Снег смешался с грязью и так застыл. Ноги в башмаках скользят. Надо было бы надеть валенки. У Егорова есть валенки. Хорошо, что он не продал их тогда, летом, в Дударях. А Жур правильно еще с вечера говорил, что к ночи будет мороз, хотя вечером было слякотно, шел снег.
Жур идет подле кладбищенского забора, поднимается в горку. У него тоже скользят ноги, но он идет уверенно.
— Ну, ребята, — говорит он, — тут глядите в оба!
Зайцев как-то странно горбится и озирается.
Жур вдруг смеется.
— Ты что думаешь, ты похож на Пинкертона? Ты сейчас на собаку—ищейку похож. А человек должен всегда походить только на человека...
Легко сказать — походить на человека. А на человека походить, может, труднее всего.
По скользким комкам мерзлой грязи они переходят улицу. Идут по переулку, мимо длинных сараев, мимо ветхих домиков, вдоль заборов, сплетенных из обрезков кровельного железа, березовых прутьев и еловых жердей. Здесь официально обитают ломовые и грузовые извозчики, печники, скорняки, сапожники, скобяных дел мастера, и мало ли еще кто здесь обитает неофициально.
Кладбище теперь позади, но его хорошо видно с горки — кресты, склепы. Выше всех склеп купцов Трубицыных.
Жур стоит на горке, подносит к глазам левую руку, смотрит на часы. Потом долго и молча оглядывает кладбище.
И стажеры молчат. Так, наверно, и надо вести себя перед важной операцией.
Жур, может быть, еще раз обдумывает, как ее лучше проводить. Но Жур вдруг говорит:
— Ох, как я покойников сильно боялся! Долго боялся. Бабушка у меня была такая болтливая! Все мне, маленькому, про покойников разные страсти рассказывала.

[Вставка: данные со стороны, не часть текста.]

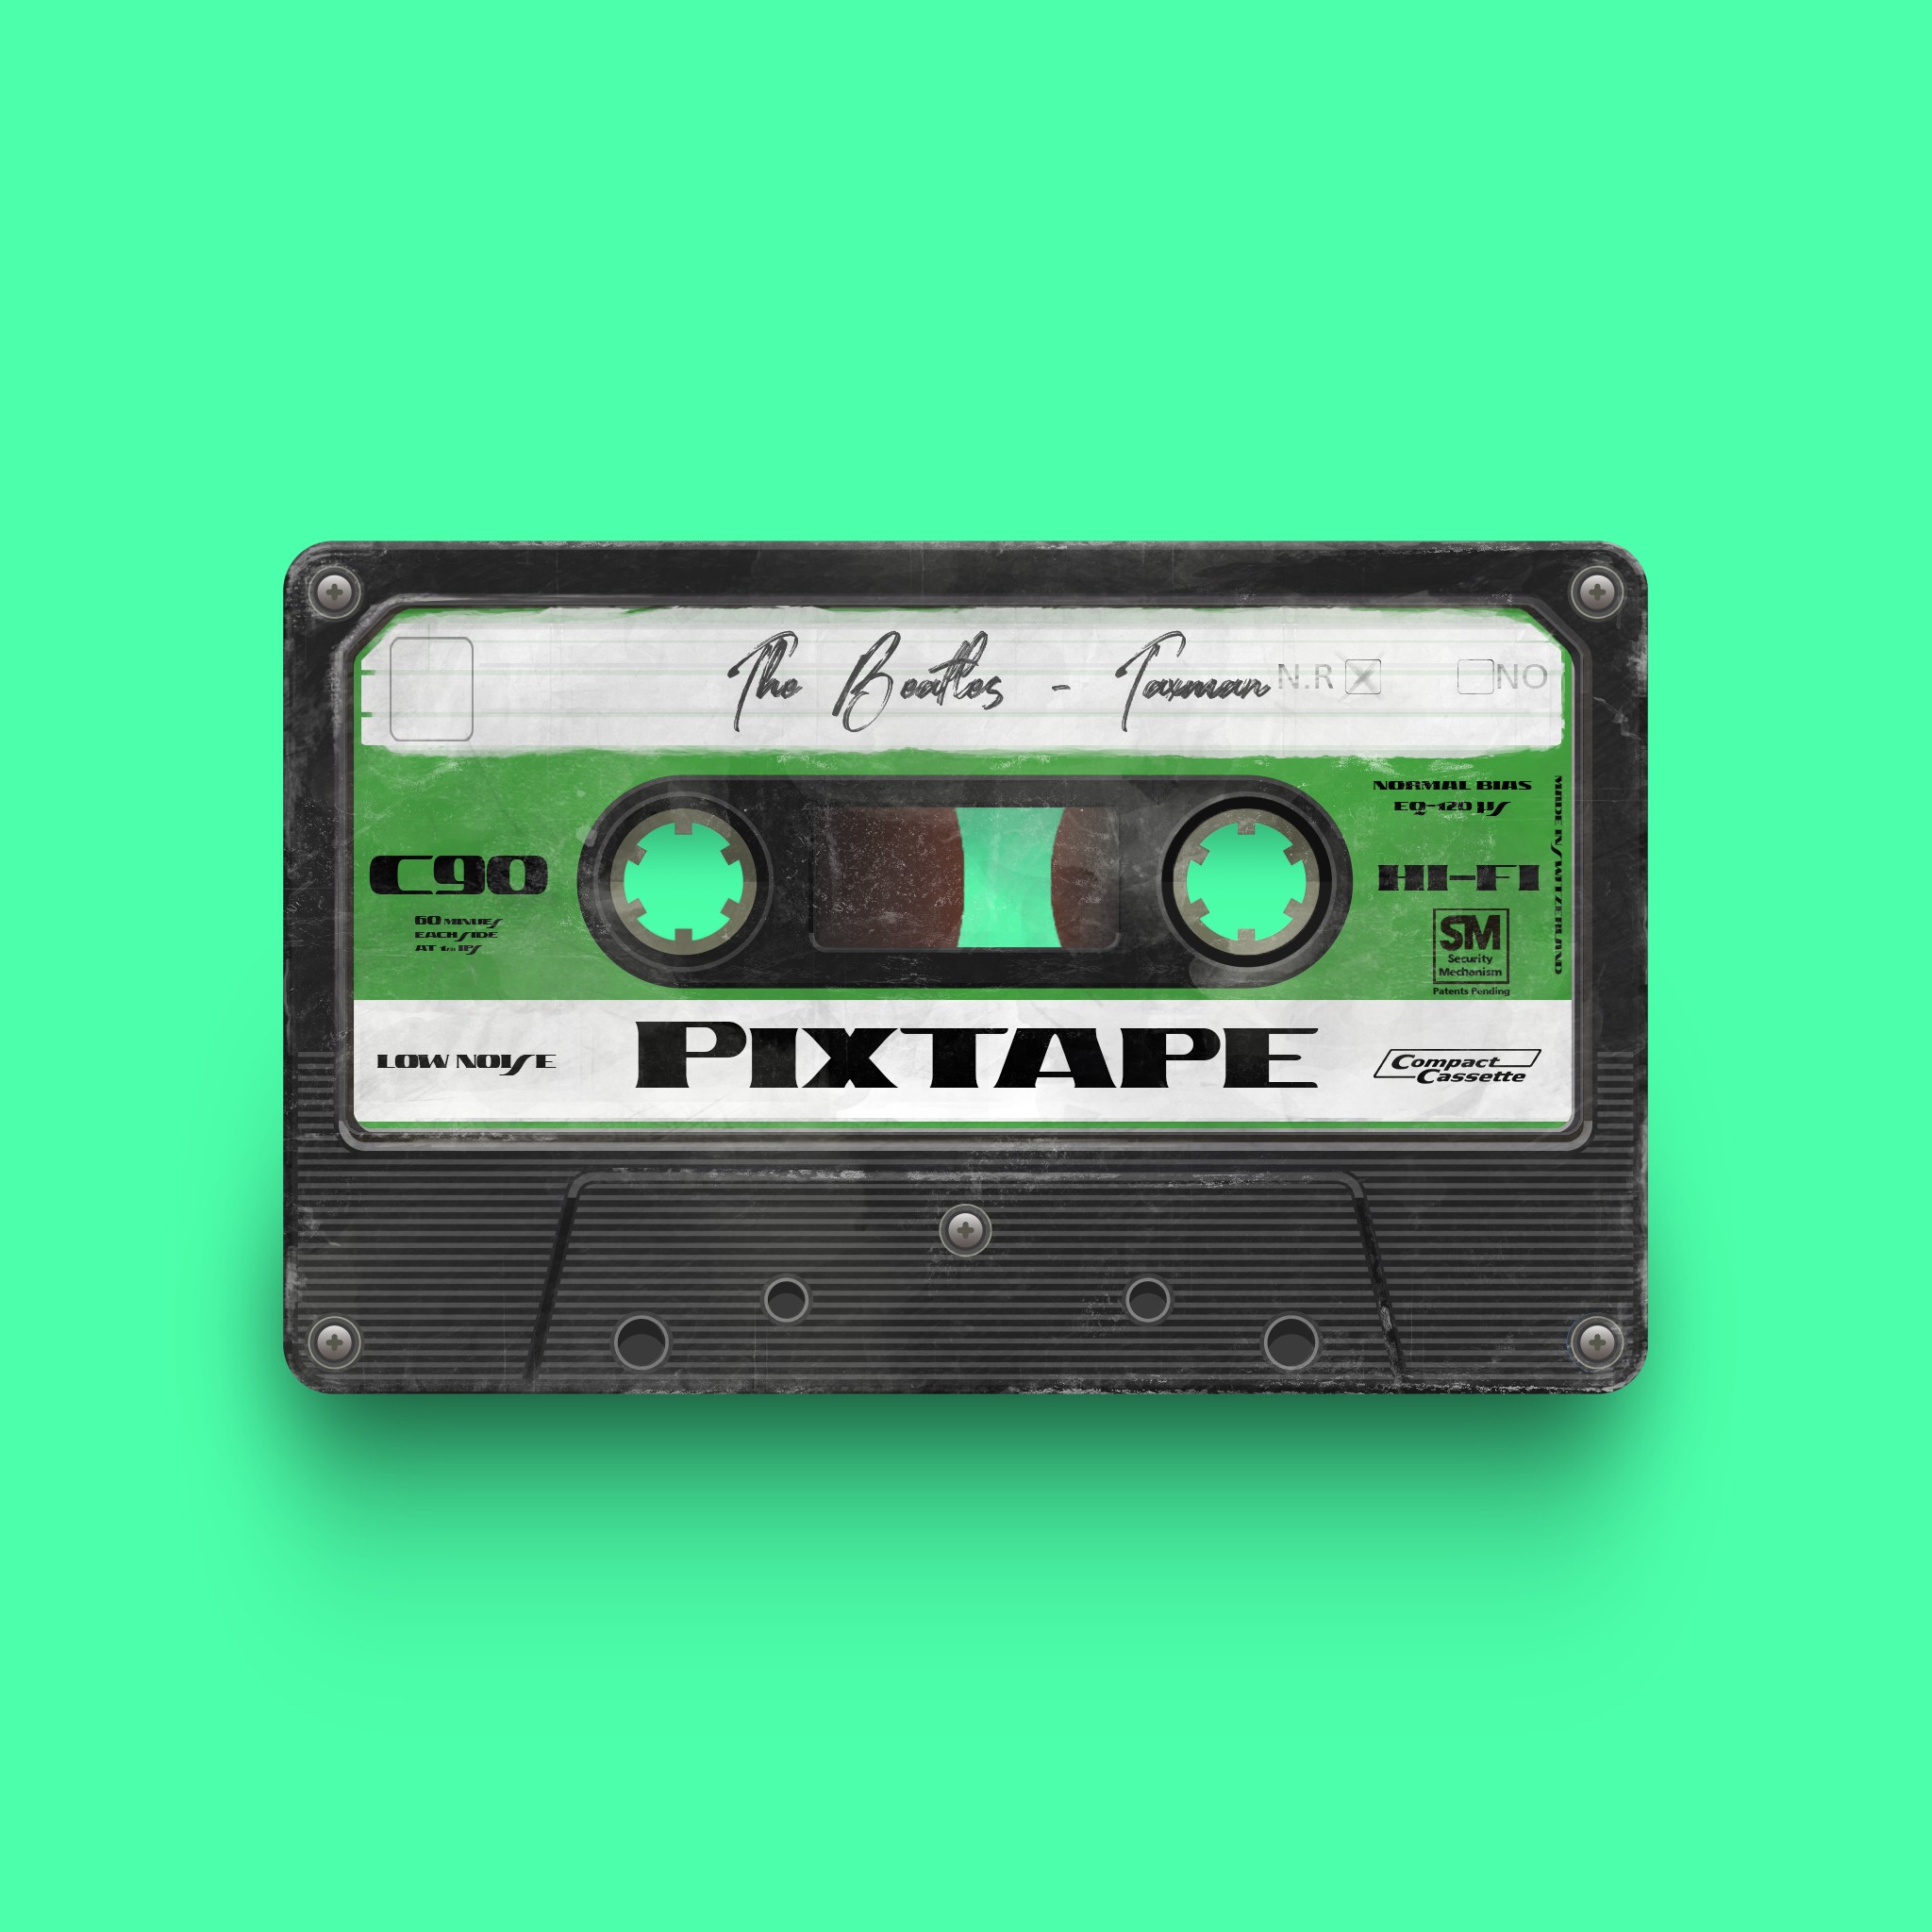 PixTape #0 | The Beatles - Taxman

Вот я и боялся. Даже ночью другой раз не мог уснуть. Все мне что-то такое мерещилось...
— А потом? — спрашивает Зайцев.
— А потом, уж не знаю, как-то притерпелся, — пожимает могучими плечами Жур. И улыбается. — Все еще может быть. Может, и сейчас еще испугаюсь...
Зайцев тоже улыбается.
— Ну уж, сейчас?
— А что вы думаете? — серьезно говорит Жур. — Может найти всякое затмение...
А Егоров молчит. И в этот момент огромный, сильный Жур становится ему как бы ближайшим родственником. Вот с кем Егоров хотел бы когда-нибудь поговорить по душам!
— Укрепляйте, ребята, нервную систему, — вдруг советует Жур. — Вас еще и на войну пригласят. И не один раз. Много еще будет всякого. Молодой человек, я считаю, должен укреплять свою нервную систему...
А как ее укреплять, не сказал. Пошел дальше.
И стажеры пошли за ним.
Останавливаются они у двухэтажного, избитого дождями, и ветрами, и самим временем дома. Внизу лавка, наверху жилье.
Жур поднимается по шаткой лестнице, по узким обледеневшим ступенькам и опять оглядывает местность.
Тихо здесь, мертвенно-тихо, словно и сюда распространилась территория кладбища. Впрочем, кладбище видно и отсюда. Только теперь его видно уже смутно.
Вслед за Журом по лестнице поднимается, держась за поручни, Зайцев. И уж потом, когда Жур стучит в дверь, на лестницу вступает Егоров.
Дверь открывается, обдавая посетителей душным теплом.
— Высоко живете, — говорит Жур женщине, стоящей на пороге в одной рубашке и в цыганской шали, накинутой на голые плечи.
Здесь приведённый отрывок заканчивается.